The gameplay is fun and has an interesting core mechanic — you control Little Dros and can move her on her own, but to move Captain, you need both characters to be together. Each character has their own abilities and is used differently: Little Dros is quick, can jump, and can connect to something called Dros Ports, and Captain is slow, can’t jump, but can fight and interact with heavy things. The puzzles are very well-designed, providing a challenge and making you think, but still having logic to them and not feeling like the designers just made random decisions. The platforming can be fun but gets boring very fast, as it’s not a challenge at all. There weren’t any segments in which I thought I might fail the platforming, and after a few minutes of it, I just wanted to solve puzzles normally: not because it was bad, but just too easy. DROS also has basic combat in it: you can slash, block, and parry. It’s pretty fun and isn’t hard to pick up at all, making the game more engaging while not taking anything away from it.
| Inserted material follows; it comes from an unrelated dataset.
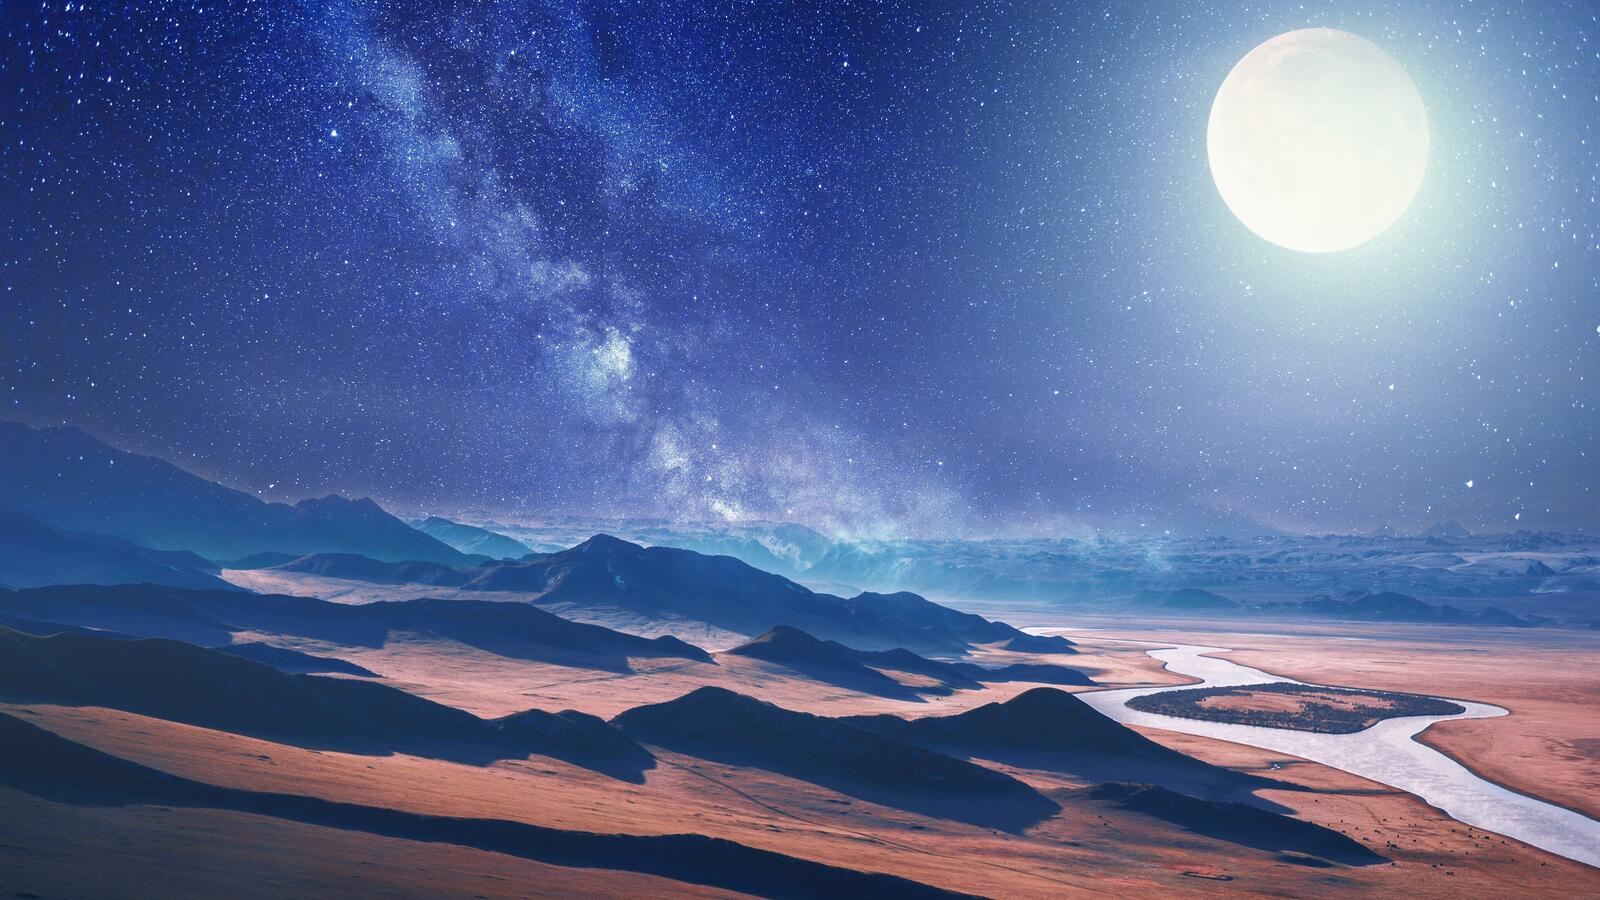 Wallpapers planet surface moon desert on the desktop

The game’s graphics are nothing more than fine: not exciting to look at, but also not appalling. The animations are mostly smooth, but the models can look pretty bad sometimes, never feeling like too much effort went into them. A lot of the visual aspects look like they don’t belong in the world, and everything feels out of place. The lack of attention to what style would fit the game is very obvious and makes the visual aspect of the game much less enjoyable. The colours chosen for the game are pretty bad, although they at least don’t feel as unnatural as the style. There are some interesting and cool 2D designs and the perspective from which the characters are seen is pretty cool for 3D games.
DROS’s sound design isn’t anything memorable in any way — I didn’t hate it and kept the music and effects on, but the moment I stopped hearing it, I forgot every single sound in the game. Scenes don’t feel as important or exciting as they could because of the lack of effort that went into the sound design. It doesn’t trigger any emotions or cause any connections to the world, it’s just there to accompany you, and that’s basically it. There is no voice acting in the game, although that’s completely understandable and fine, as a lot of indie games don’t have that.
Overall, this game is the perfect example of “good idea, bad execution” — the core mechanics are interesting, having two different controllable characters that are dependent on each other, and both have different abilities. Some gameplay aspects are good, and some less so, but DROS struggles with everything else, containing awful dialogue and an uninteresting story, and the graphics and sounds aren’t doing anything to help it at any point.
In verdict, the game isn’t a particularly good one, although definitely not the worst. It doesn’t really motivate you to continue playing except if you really like the gameplay. It’s not a bad experience, but an underwhelming one.
DROS (Reviewed on Windows)
Minor enjoyable interactions, but on the whole is underwhelming.
DROS isn’t bad, but it isn’t good either, the game has a few more negatives than positives, but to be honest, it mostly has “neutrals” and is extremely uninteresting.